The carvings on the top of the rock belong to the main group of “hunter carvings”. It is thought they are from the Stone Age and may be 5,000 years old or more.
Here are several animal figures, but only two of them are still complete. One of them appears to depict an elk, the other one a red deer. The figures are carved with a steady hand, and show that the artist to a great extent was able to convey the animal body in an anatomically correct way.
We must therefore wonder why a couple of human figures appearing in the same section are drawn with such helplessness and naiveté. The carving technique is the same, and there is little doubt that they are from the same period as the animal figures. Is it a less able “artist” who has had a go here? Or could it be that human figures were supposed to be drawn in this manner?
The figures at the foot of the cliff are of a completely different type and belong to a different people. These are “agricultural carvings” from the Bronze Age, and may be around 3,000 years old.

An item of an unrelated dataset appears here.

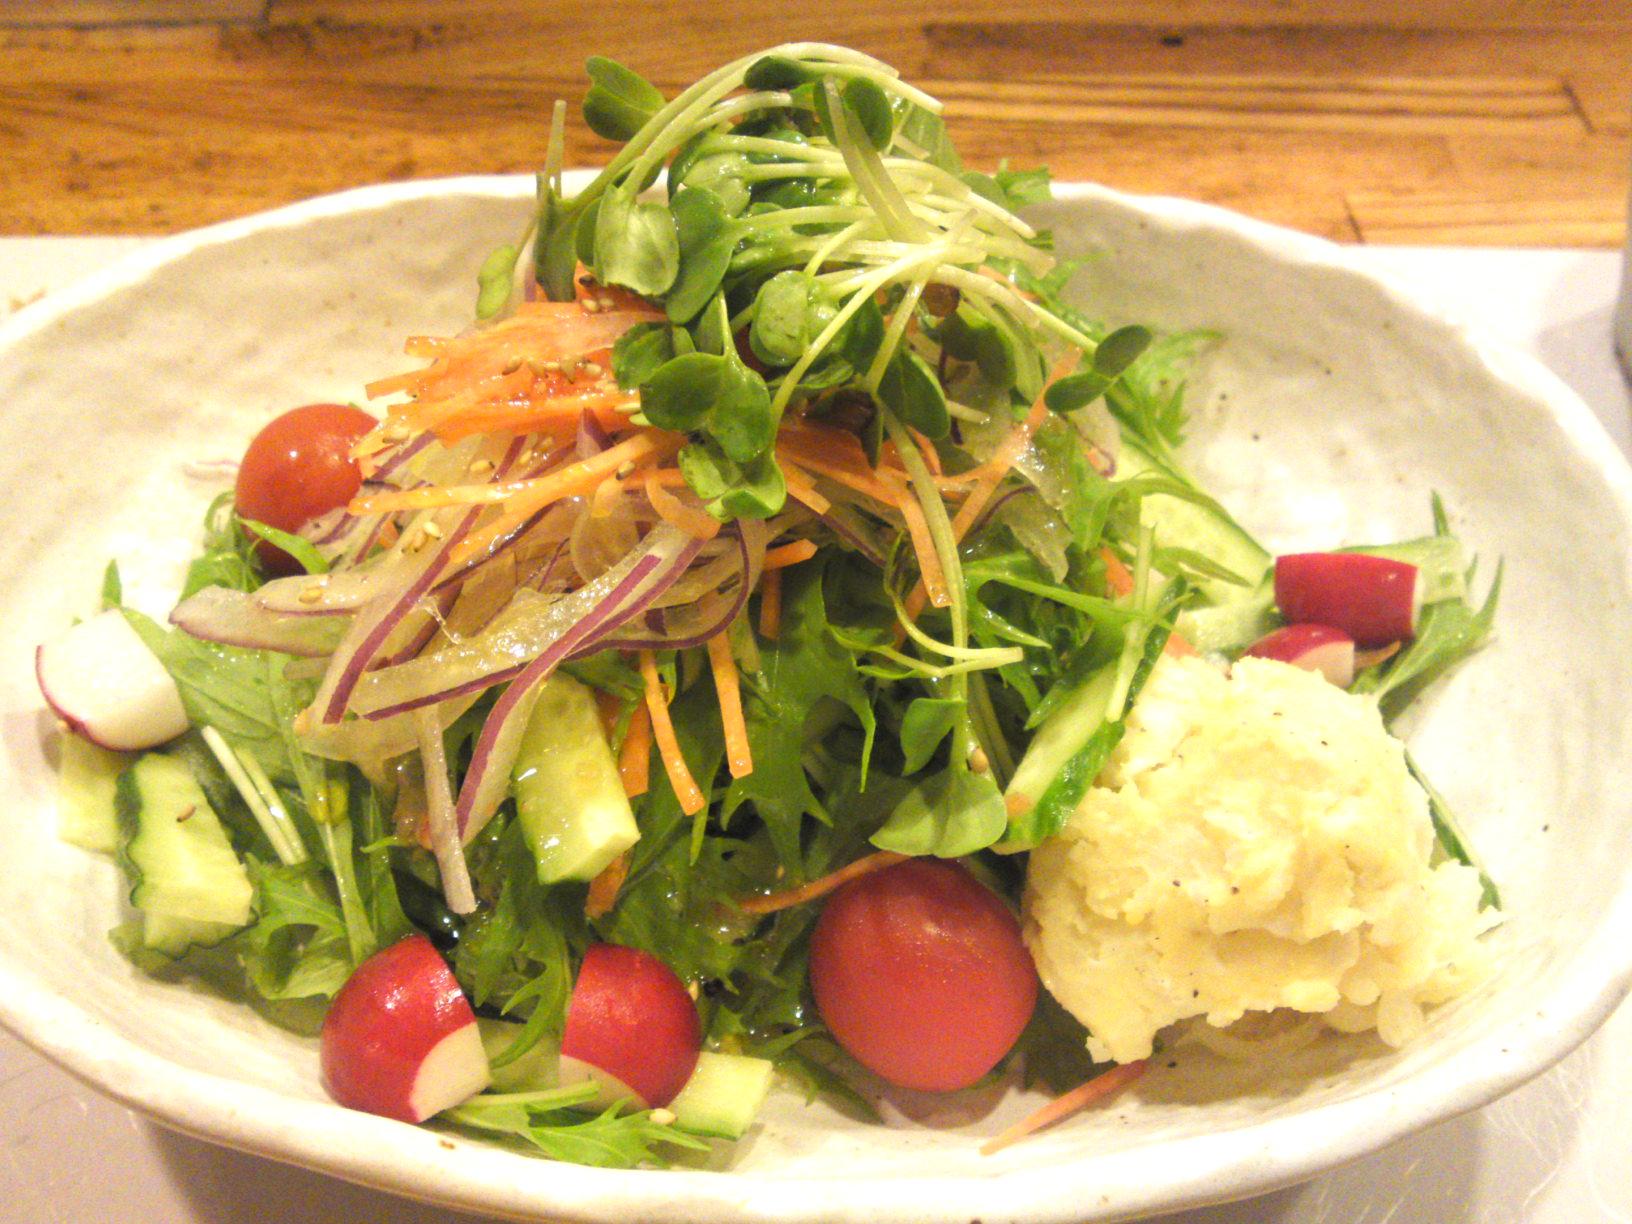 Vegetables gastronomy at yasaitei in shizuoka city (november 2011 ...
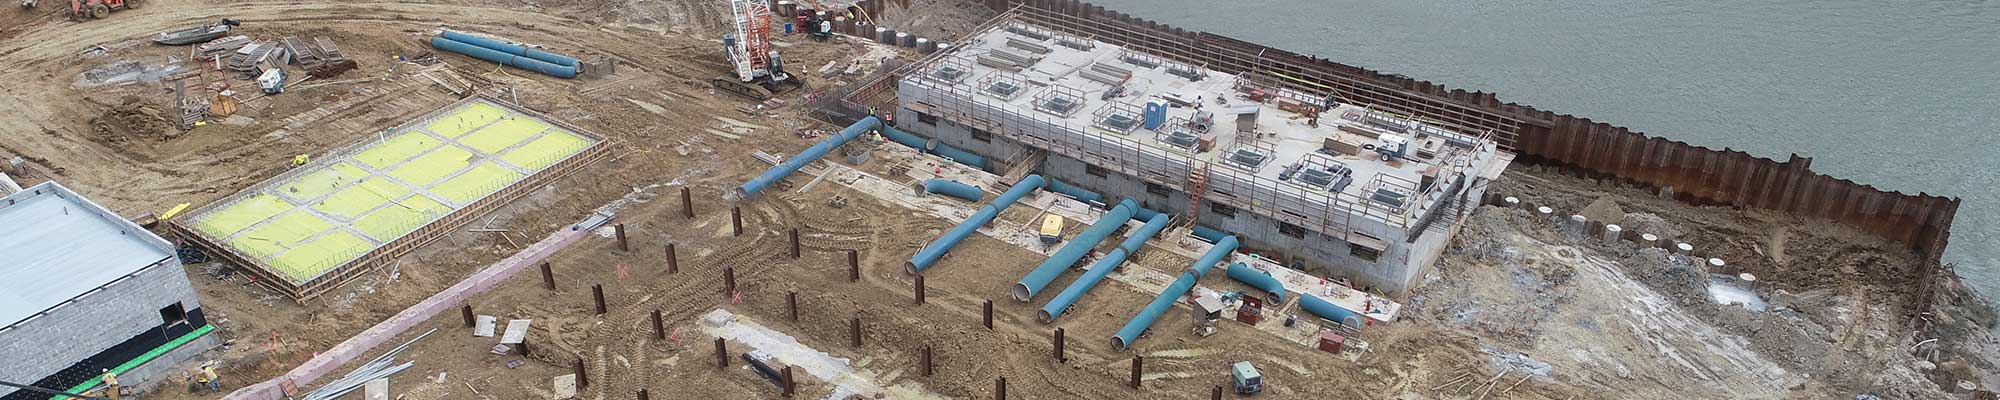 Luce Bayou Project - Feb 2020

There are supposed to be 22 figures in all, mostly ships. Of these 11 are certain and clear, while 8 are only scraps, where parts of keel-lines, rail-lines or “lines of crew” may be vaguely seen. Furthermore there are a couple of simple ring figures and one single shallow depression.
In this country it is very unusual that one and the same rock has carvings from both the main traditions of “rock art”. Thus Salthamaren is a rare exception.